___ INFORMATION SHOWN ___

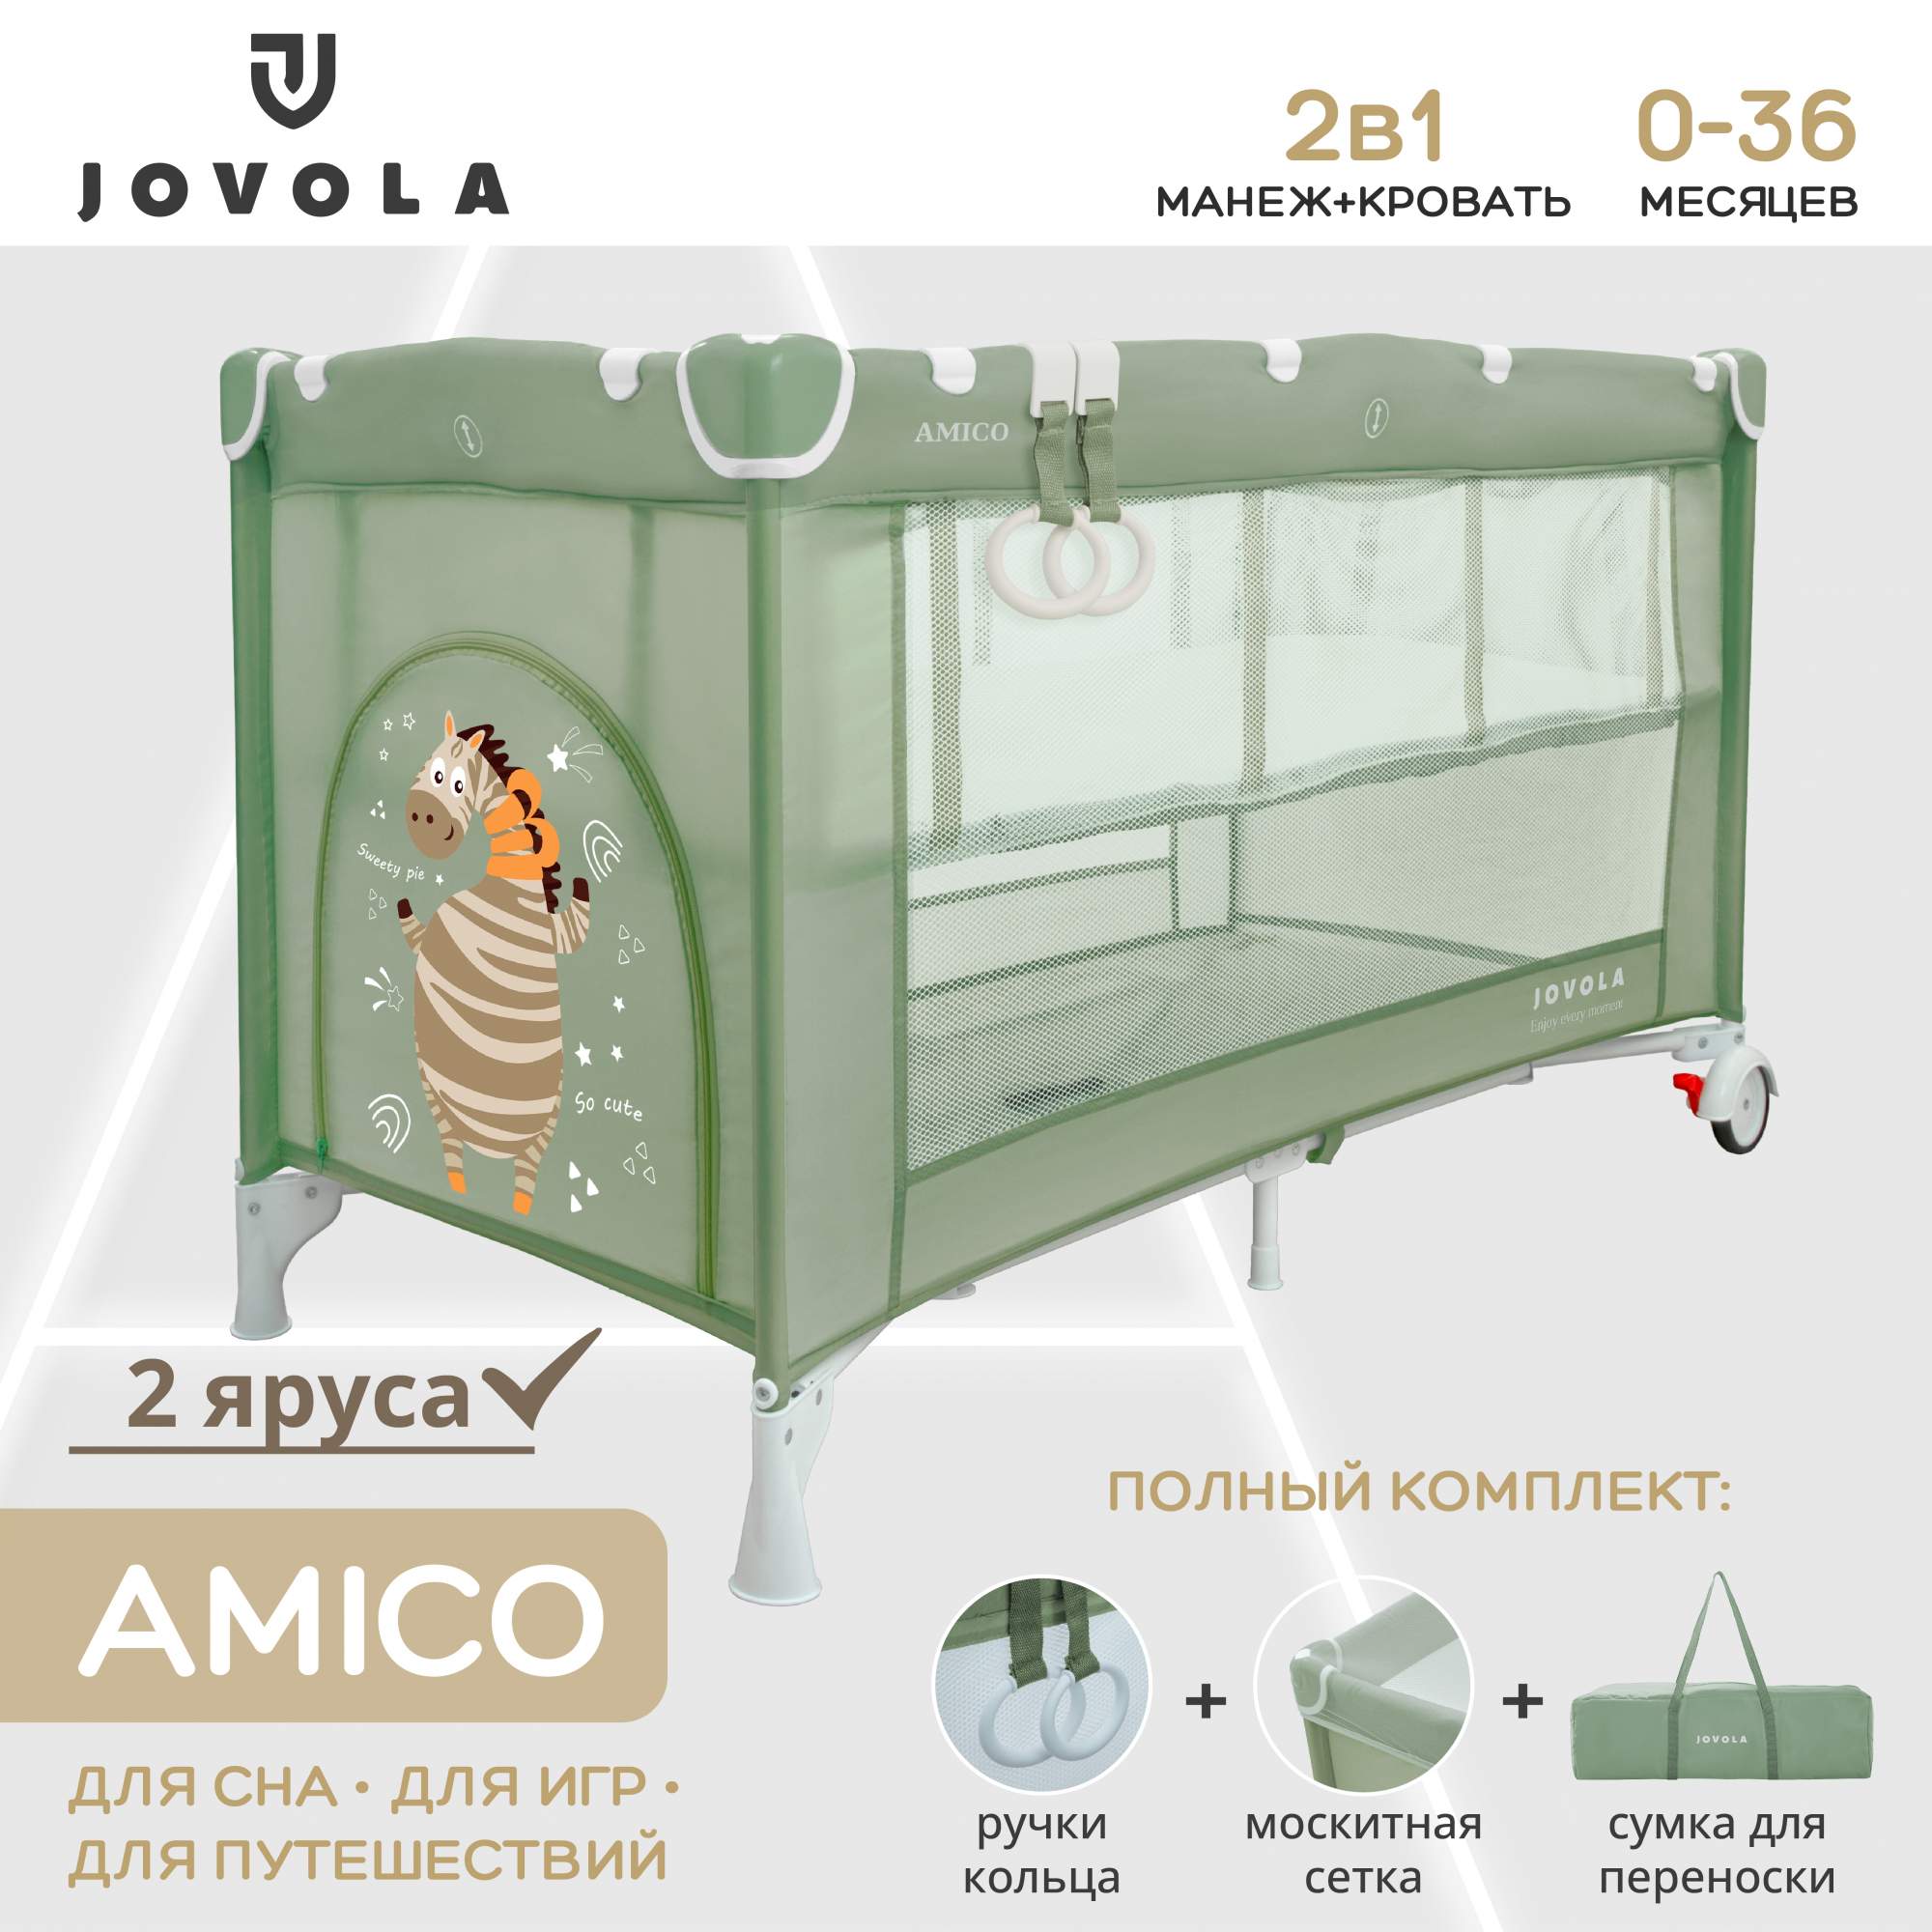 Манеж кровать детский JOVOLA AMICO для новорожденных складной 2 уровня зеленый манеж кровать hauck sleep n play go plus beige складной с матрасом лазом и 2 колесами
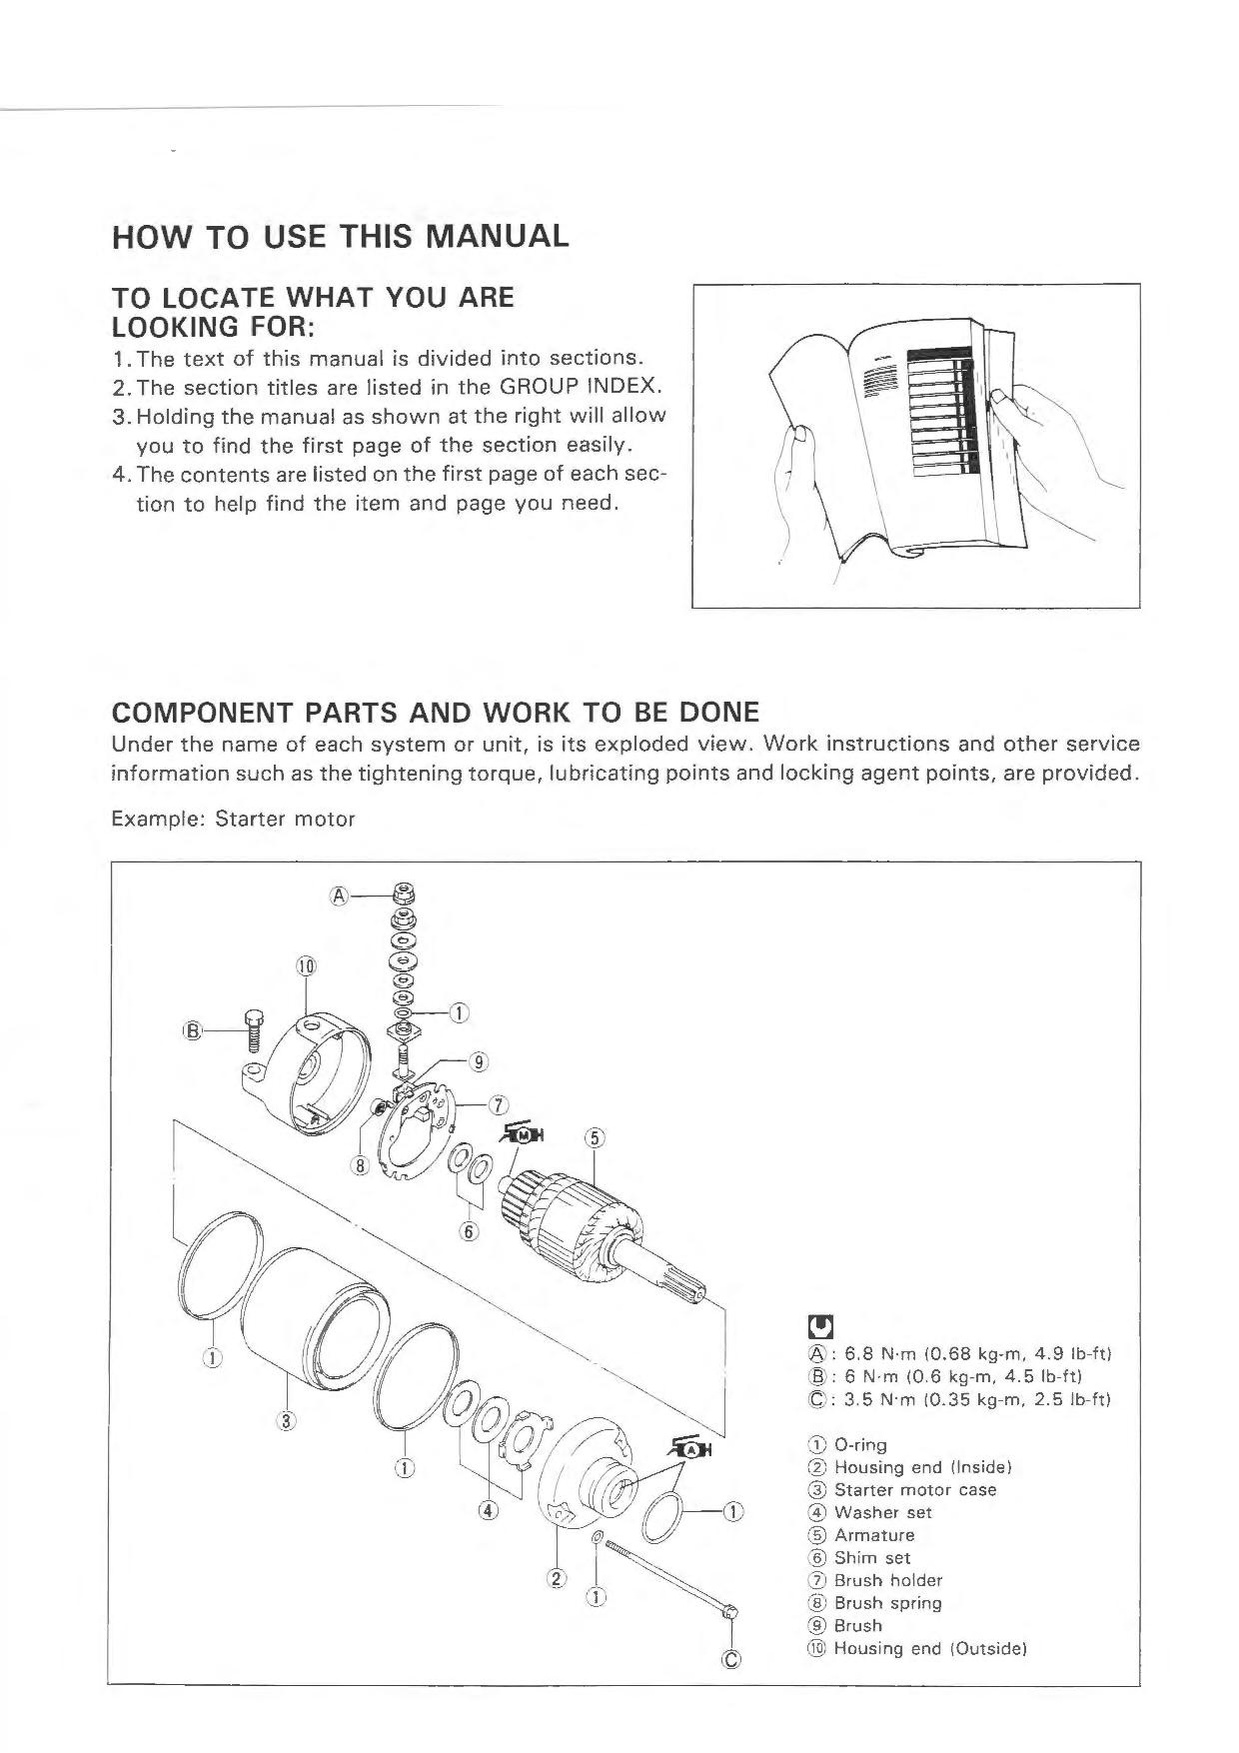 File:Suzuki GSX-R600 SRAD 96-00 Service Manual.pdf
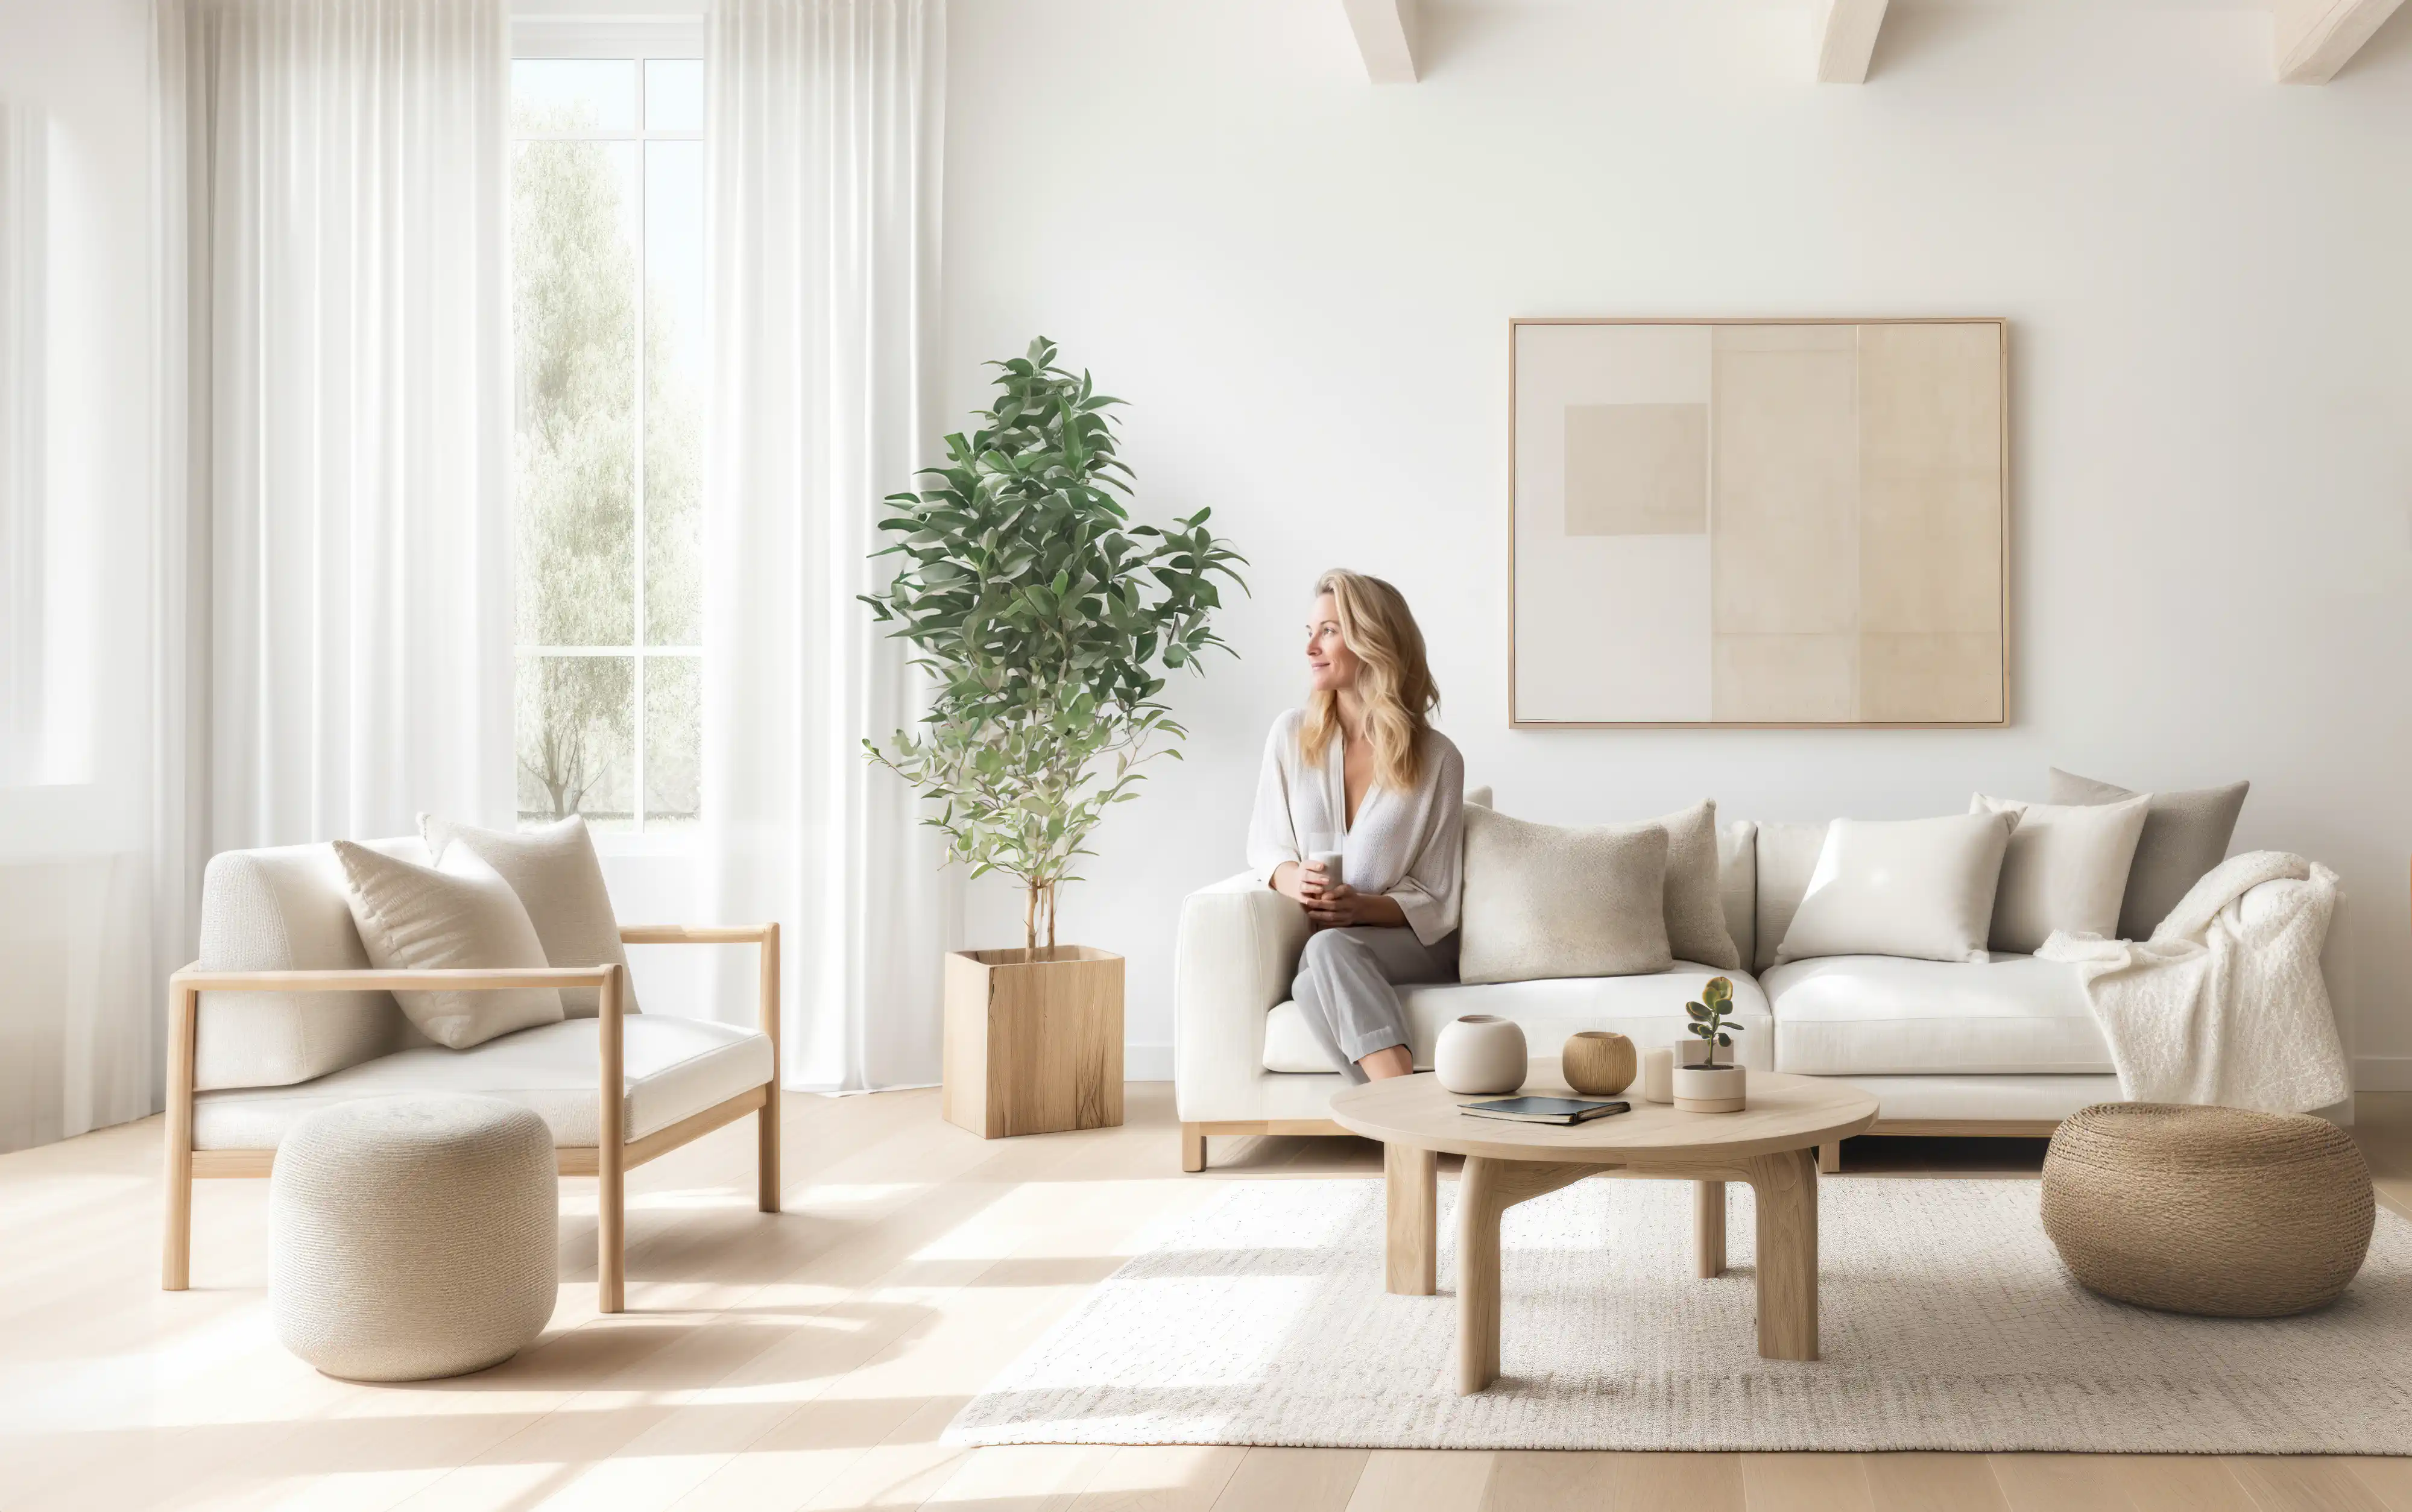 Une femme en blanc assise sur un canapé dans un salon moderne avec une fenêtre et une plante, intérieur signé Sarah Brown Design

___

WHAT IS BEING ASKED. The result should be a verbatim copy of the data, free of pictures.

WRITTEN ANSWER.
 Манеж кровать детский JOVOLA AMICO для новорожденных складной 2 уровня зеленый манеж кровать hauck sleep n play go plus beige складной с матрасом лазом и 2 колесами
 File:Suzuki GSX-R600 SRAD 96-00 Service Manual.pdf
 Une femme en blanc assise sur un canapé dans un salon moderne avec une fenêtre et une plante, intérieur signé Sarah Brown Design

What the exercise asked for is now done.